Конечно, это наверняка стоило недешево, но ведь все эти события происходили несколько лет тому назад, Новоселов был тогда еще в силе и не испытывал проблем ни с финансами, ни со здоровьем. Думаю, ему было нетрудно, используя свои связи в этой среде, выйти на московских гостей и добиться проведения экспертизы рисунка. Только вот результат, скорее всего, оказался для него неожиданным.
Но, впрочем, тут мы опять оказываемся в сфере догадок.
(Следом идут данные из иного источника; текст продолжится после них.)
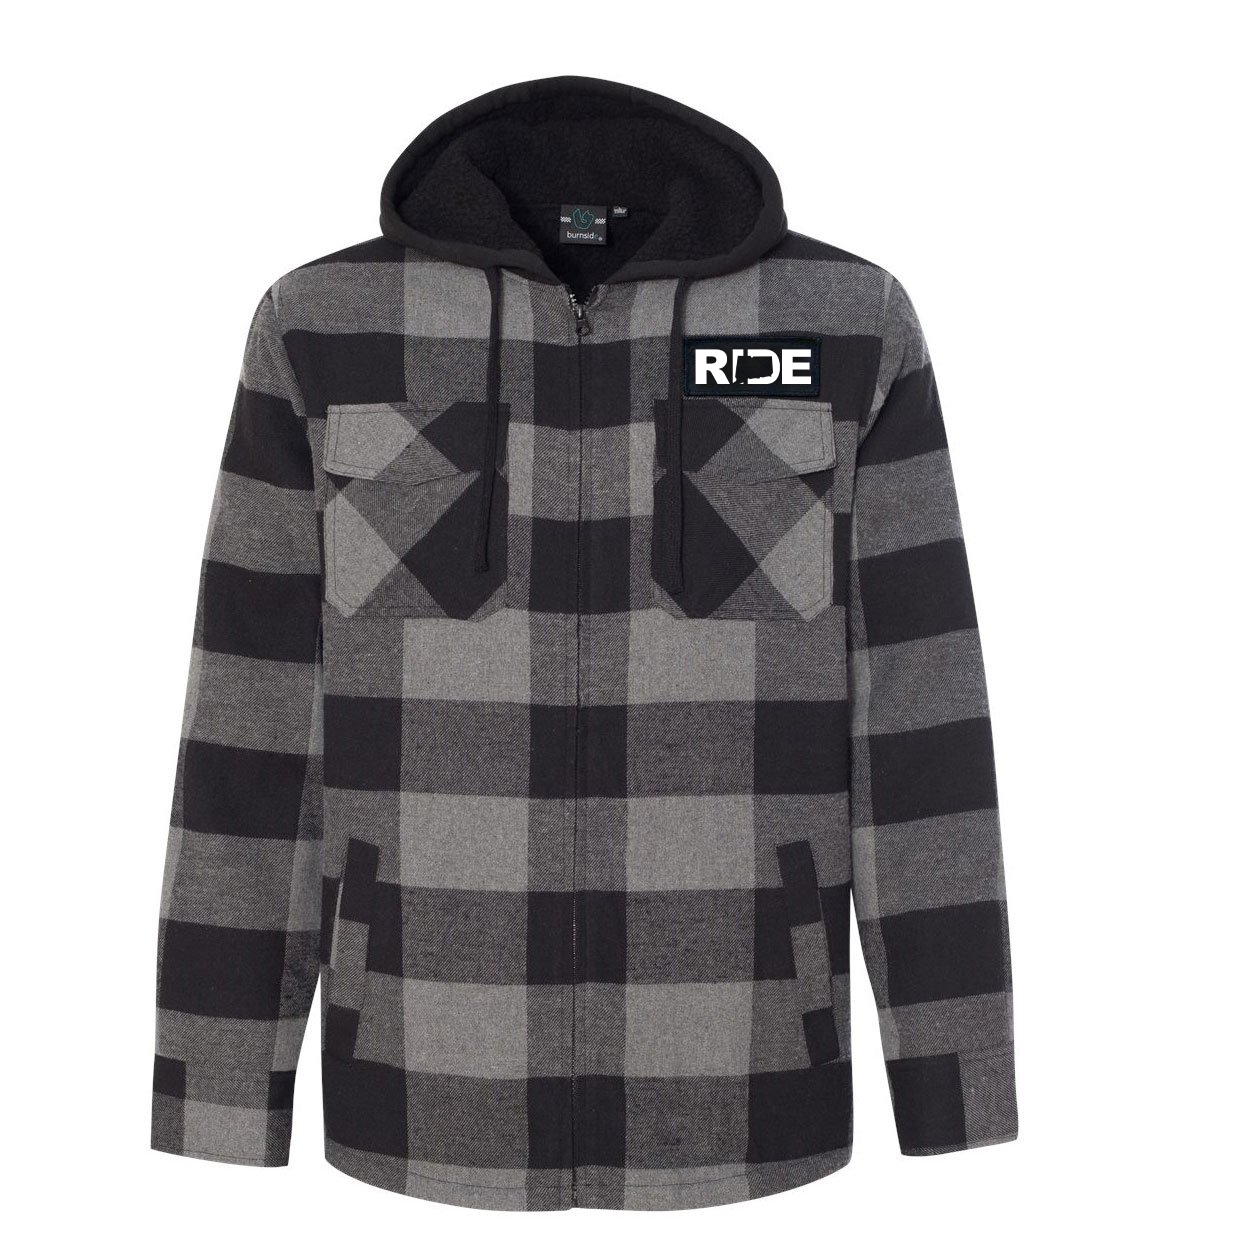 Ride Connecticut Classic Unisex Full Zip Woven Patch Hooded Flannel Jacket Black/Gray (White Logo)
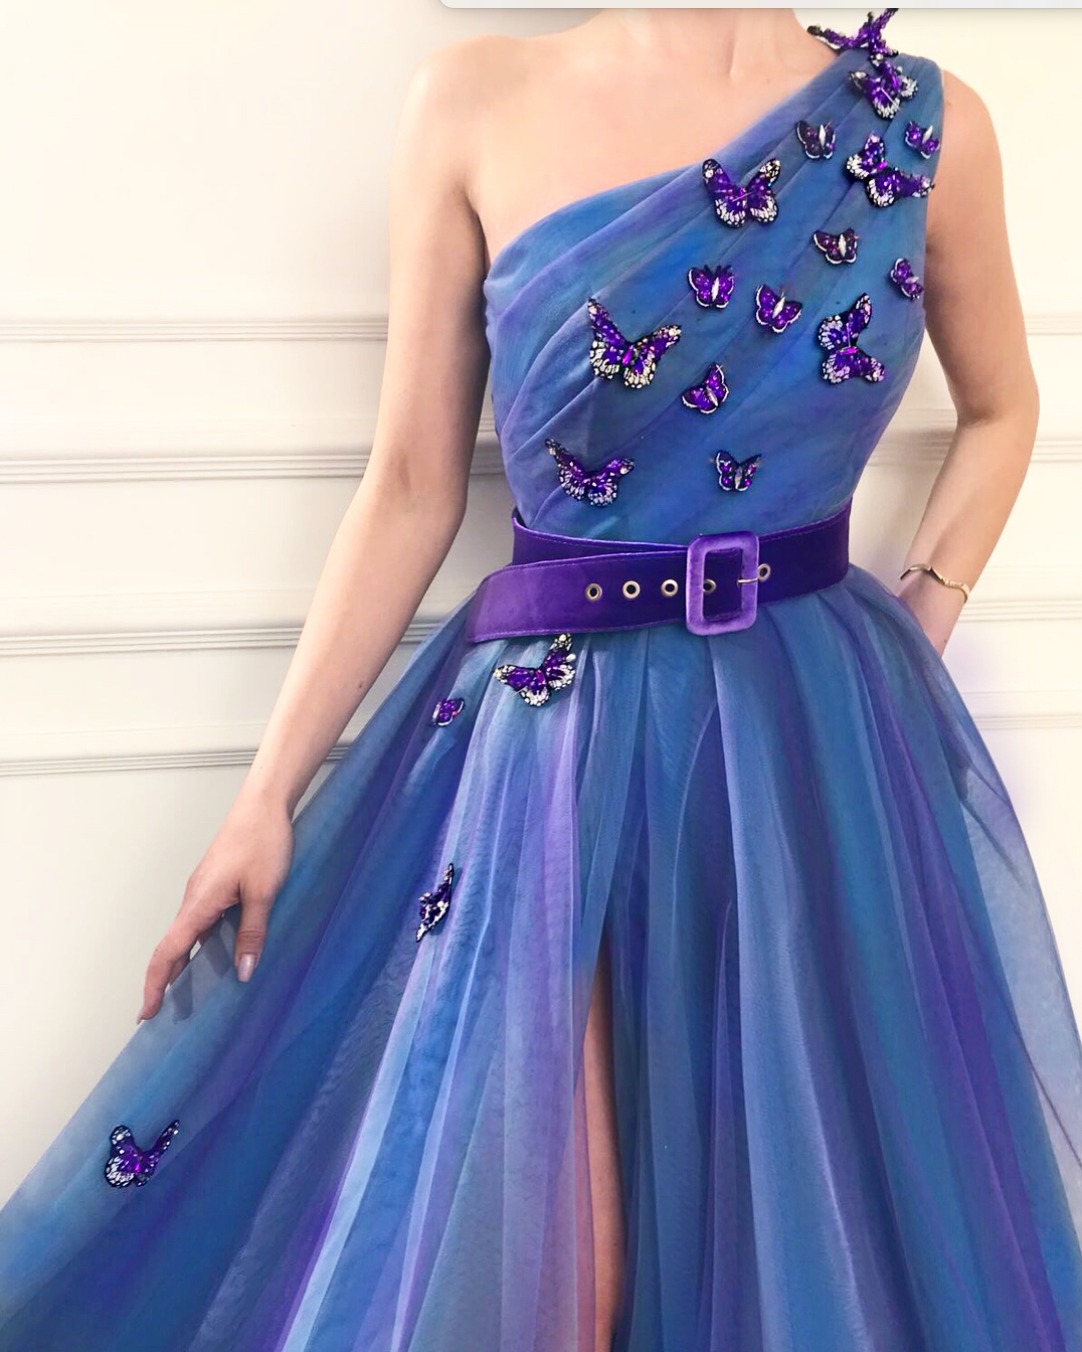 Blue A-Line dress with one shoulder sleeve, belt and embroidery

Нет, выдвижение предположений мы пока лучше оставим и займемся вещами реальными. Предоставим, как говорится, небо птицам, а сами обратимся к стульям. Точнее, к Андрюше Мельникову, который благодаря своему официальному статусу вполне может послать запрос в Москву и выяснить, не проводилась ли в такое-то время специалистами Третьяковской галереи экспертиза такого-то рисунка в городе Тарасове. И если проводилась, то каковы оказались ее результаты.
* * *
Эта блистательная стратегия оформилась в моей голове за те полторы-две минуты, которые понадобились мне, чтобы дойти до телефона. Набирая номер, я уже знала, что буду говорить с Андрюшей не только о разрабатываемой им версии.
— Алло, Андрей? Это Татьяна.
— Привет, как поживаешь?
— Что-то ты опять грустный какой-то. Преступник не колется?
— Ой, не напоминай даже! В кои-то веки думал — повезло, так быстро раскрыли глухой висяк… Э-хе-хе…
— Погоди-ка… Он ушел, что ли? Не нашли?
— Да почему не нашли… Нашли. Только лучше б и не находили…
— Да объясни ты толком!
— Что тут объяснять… алиби у него. Да такое — специально думать будешь, и то лучше не придумаешь. Короче, этот «жучок» — помнишь, я тебе рассказывал, который у Шульцмана деньги под картину занял, а потом их проиграл?
— Ну?
— Он потом с горя так набрался, что и сам себя позабыл. Помню, говорит, что сначала со знакомыми в кабаке сидел, они угощали, потом еще куда-то пошел, и там угощали. Потом в ночную какую-то забегаловку завернул, там часы пропил…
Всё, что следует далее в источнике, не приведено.